Ich habe das Gefühl, wieder zu mir als kompetenter und sich selbst vertrauender Person zurückgefunden zu haben, die ich in der Zwischenzeit unter der Last der Termine, Verantwortung, Sorgen, Ängste und (Selbst-)Zweifeln verloren hatte. Ich kann mir wieder ein gutes Leben (für mich) vorstellen.

Wir haben über das Narrativ gesprochen, das ich über mich erzählt wissen will und von welchem bzw. welchen ich mich noch weiter lösen möchte.
Für mich ist meine Geschichte die einer schrittweisen radikalen Befreiung von familiären und gesellschaftlichen Zuschreibungen, denen ich mich lange unterworfen, an die ich selbst geglaubt habe und dachte, die damit verbundenen Lebensentwürfe, privaten und beruflichen Leistungsideale realisieren zu müssen. Anscheinend habe ich Gesehenwerden und ein Gefühl von Verbundenheit von meinen lebenslangen Anstrengungen erwartet – and all I got was fifty shades of mental illness.

Ich habe schon viel hinter mir gelassen – das Geschlechtersystem, die heteronormative Kleinfamilie, Beziehungen, die mir nicht gut tun, eine dissoziativ-destruktive Haltung zu meinem Körper, ein romantisiertes Bild von Elternschaft.
Jetzt geht es dem Kapitalismus / Neoliberalismus an den Kragen.
Ich möchte einfach nicht mehr aktiver Teil dieses Systems sein, das Menschen, Tiere und Umwelt unter dem Deckmantel von „Fortschritt und Weltrettung durch Technologie“ bis zur Vernichtung jeglichen Lebens ausbeutet.
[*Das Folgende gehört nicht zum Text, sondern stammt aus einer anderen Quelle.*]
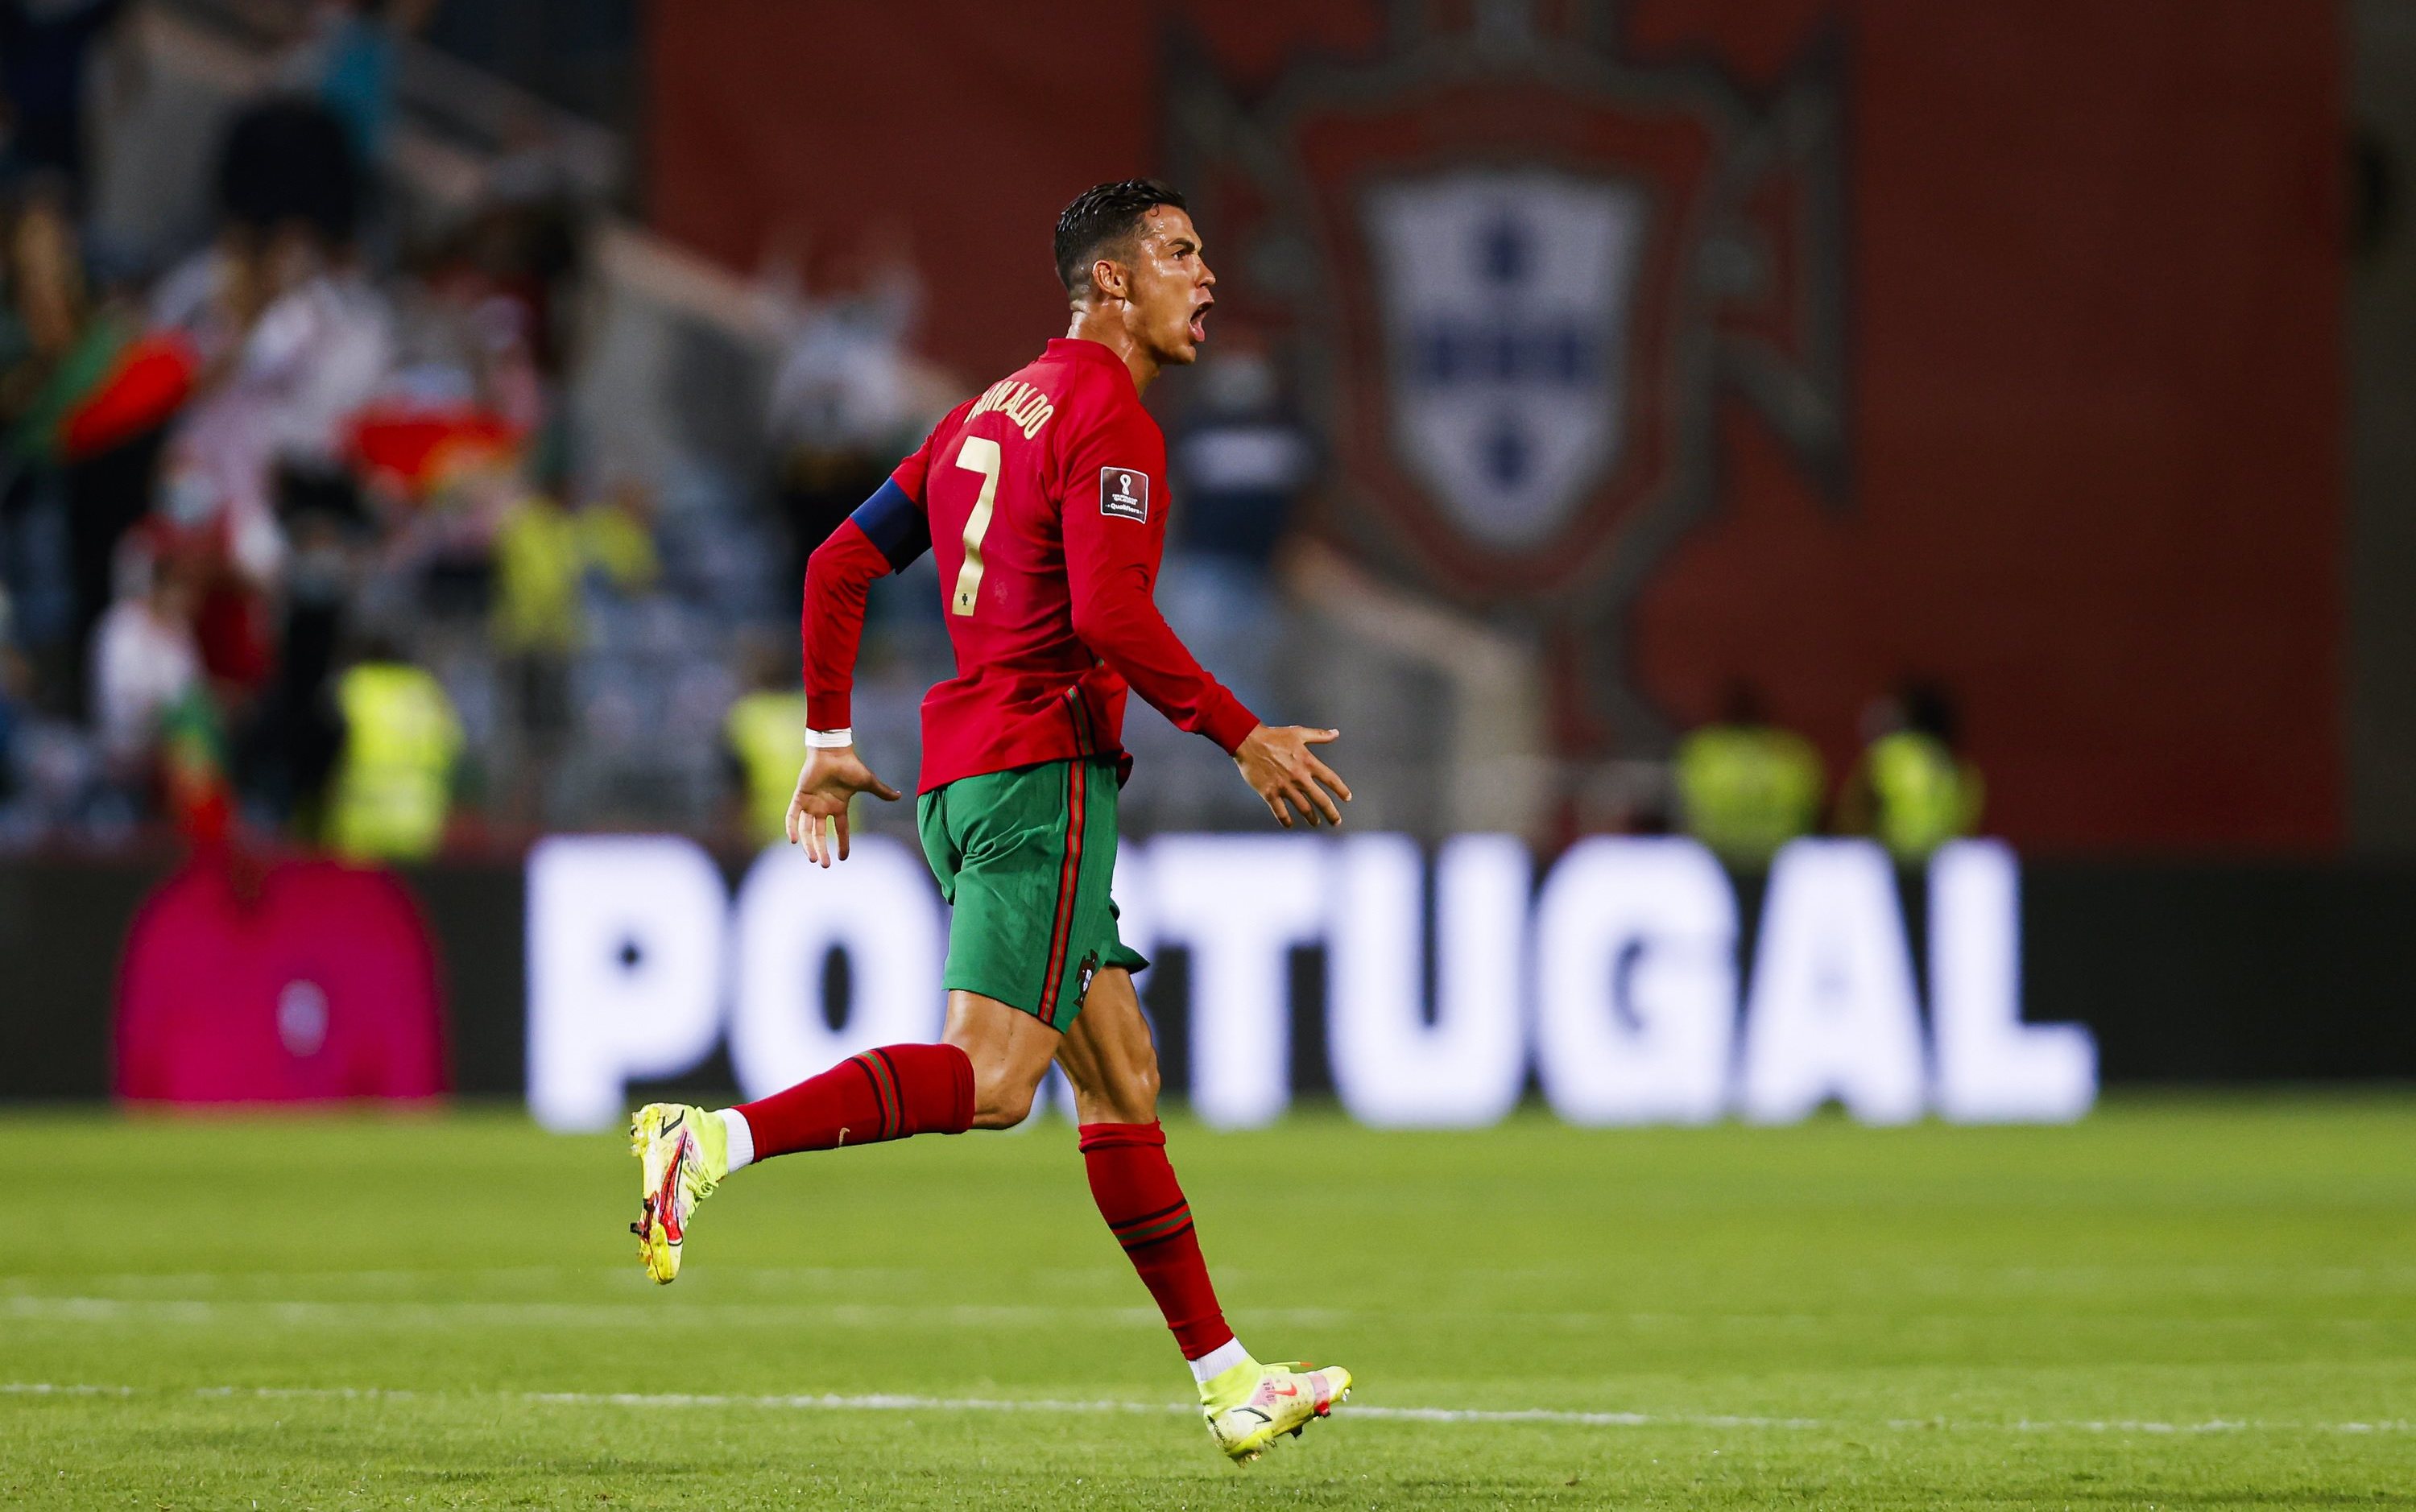 Ronaldo, phá kỷ lục: Ronaldo vừa phá kỷ lục ghi bàn của cầu thủ Ali Daei trong đội tuyển quốc gia! Hãy xem hình ảnh liên quan để cảm nhận niềm vui và sự tự hào của Ronaldo cũng như sự cống hiến của anh cho bóng đá.

Ich möchte an eine solidarisch-ökologische Utopie glauben, die Fürsorge zentriert, und wenn auch nur winzige Schritte in diese Richtung gehen.

Ich wünsche mir sehr, dass dies ein neuer Anfang, eine weitere Etappe auf meinem Weg ist, der mich der Person näher bringt, die ich sein kann und will.